The European Fund and Asset Management Association (EFAMA) has welcomed the decision by EU member states to move away from banning commissions on execution-only transactions.
EFAMA said the move would ensure retail investors still had access to direct distribution channels such as fund platforms – although it went on to suggest there was “much that still needs to be discussed and clarified”.
“There are currently a variety of tests envisioned, including inducement, quality enhancement, best interest, and suitability and appropriateness tests,” the trade body noted. “It is important that these tests work together effectively and do not create additional investment barriers.”
EFAMA also argued: “When it comes to value-for-money proposals, there are lingering concerns about how the European supervisory benchmarks would interact with peer group assessments conducted by companies. The value-for-money framework must ensure the data used for the supervisory benchmarks comes from the data used to conduct peer group assessments. As things stand, the risk is high that we end up with a complex, costly, and ineffective value-for-money framework.”

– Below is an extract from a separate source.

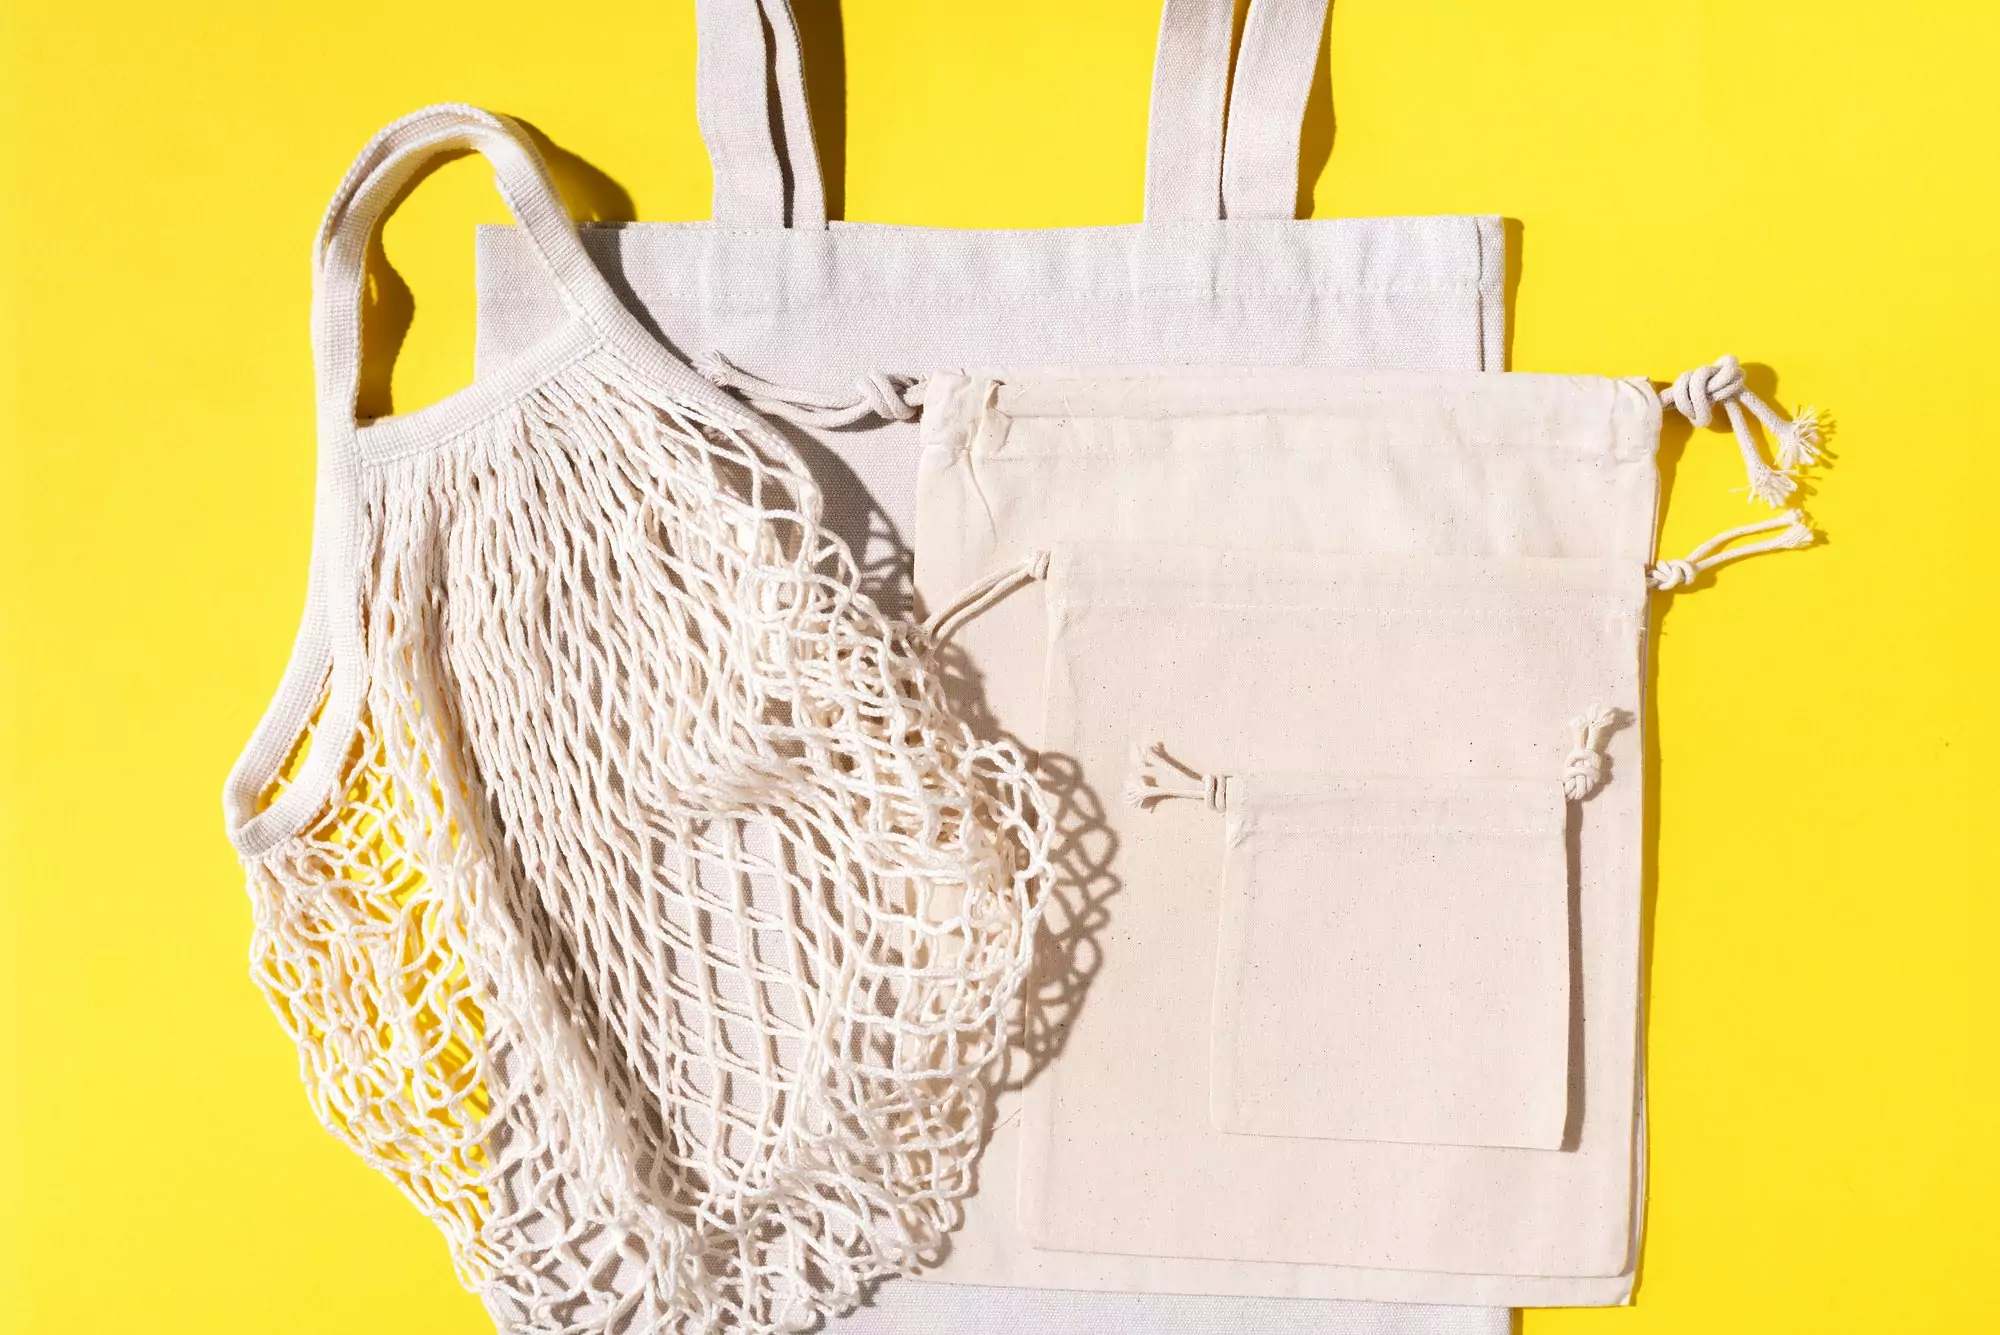 Mesh and cotton bags with on yellow background. Sustainable lifestyle. Zero waste concept. No

The Retail Investment Strategy directive, which was first proposed in May last year by the European Commission, is intended to amend multiple aspects of existing legislation. Its aim, according to EY, is to “foster an environment conducive to increased participation of retail investors in capital markets in Europe”. This was to be done, EY explained, by increasing participation in EU capital markets, enhancing trust and confidence in those markets, helping retail investors achieve better outcomes, and contributing to the wider EU economy.
Retail participation
The European Commission has long held the level of retail participation in EU capital markets remains low compared with other advanced economies. In 2021, it noted the approximately 17% of EU household assets being held in financial securities was well below the amounts held by US households. For its part, EFAMA has argued European citizens would greatly benefit from putting more of their savings into capital markets.
“The forthcoming trialogue discussions present EU policymakers with an opportunity to refine the Retail Investment Strategy and avoid unnecessary complexity,” said Kimon Argyropoulos, regulatory policy adviser at EFAMA. “For example, having two separate systems each trying to define value-for-money would be a recipe for failure. Policymakers need to create a framework that is both effective and practical, minimising burdens for the industry while maximising benefits for retail investors.”
Once the new European Parliament is fully constituted, the Retail Investment Strategy will be discussed further by both bodies to reach a final agreement.